Nutrition Essentials: Meeting Pregnancy Needs on a Raw Vegan Diet
Bringing a new life into the world is a beautiful and transformative journey. During pregnancy, a woman’s body undergoes remarkable changes, and her nutritional needs become even more critical. If you’ve chosen a raw vegan lifestyle, you’re not alone in wondering how to ensure a healthy pregnancy. In this article, we’ll explore the nutritional essentials of a raw vegan diet to help expectant mothers provide their growing baby with the best start in life. You can read more on the Parent.guide.

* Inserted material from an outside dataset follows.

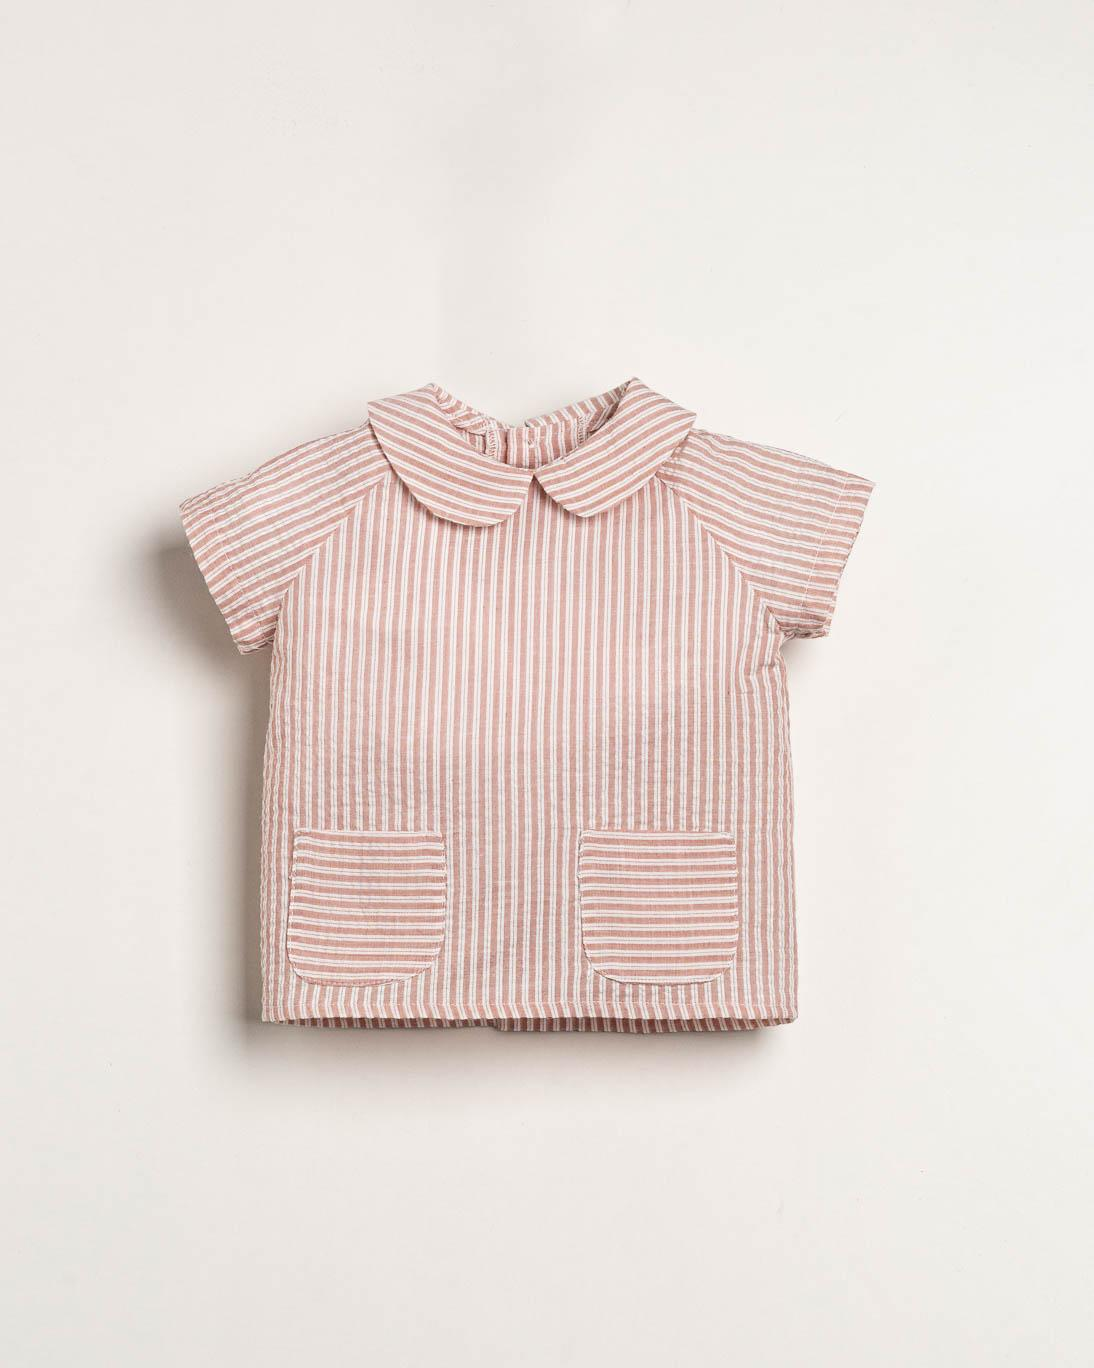 Camisa Ancar rayas seersucker color rosa.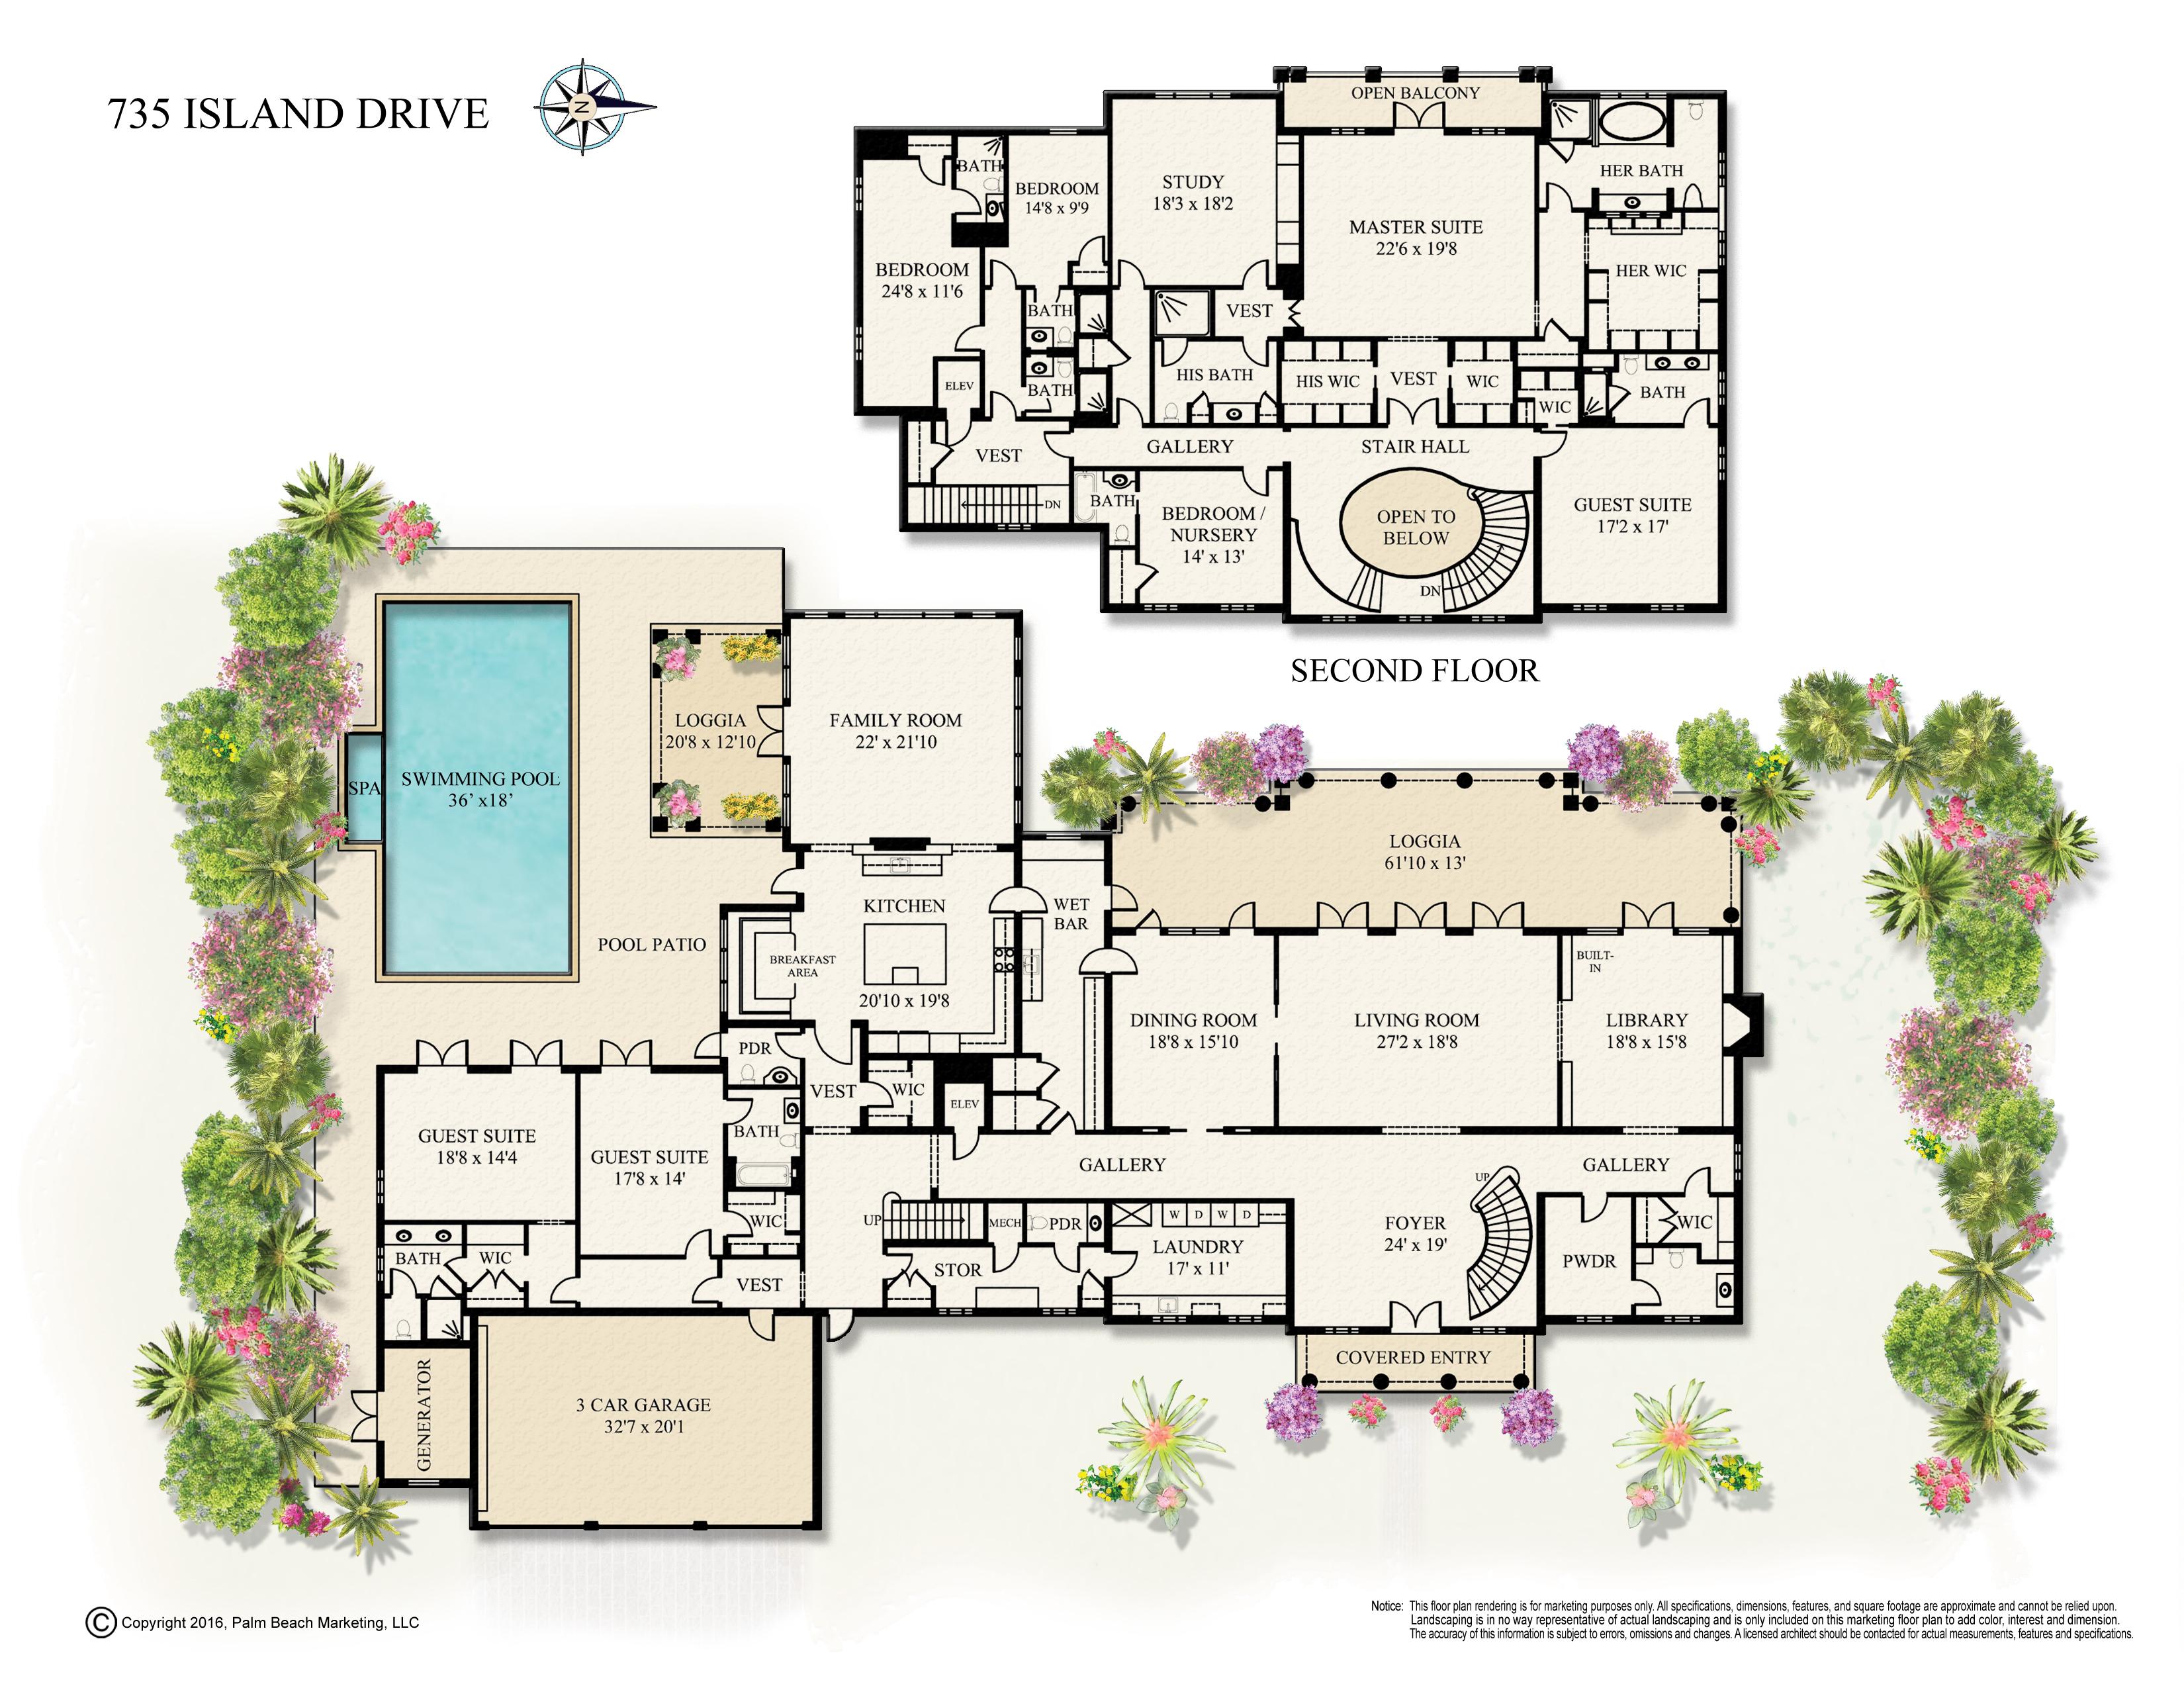 B8B57F15-1856-4A29-68B1-C9A91A40DB14 Palm Garden House Plan on conservatory plans, tree plans, greenhouse plans, cathedral plans, pagoda plans, park plans, garden plans, pond plans, pavilion plans, wardian case plans,

Balancing Macros on a Raw Vegan Diet
A raw vegan diet is a plant-based way of eating that consists mainly of uncooked, whole foods such as fruits, vegetables, nuts, and seeds. While this diet has numerous health benefits for adults, it can be challenging to meet all the necessary nutritional requirements during pregnancy. One of the key considerations when following a raw vegan diet during pregnancy is balancing macros – carbohydrates, protein, and fat. Carbohydrates are essential for providing energy to both mother and baby during pregnancy.
However, many raw vegan foods are quite low in carbs compared to other diets. This means that pregnant women on a raw vegan diet may need to consume larger quantities of fruits and starchy vegetables like sweet potatoes and squash to ensure they’re meeting their daily carb needs.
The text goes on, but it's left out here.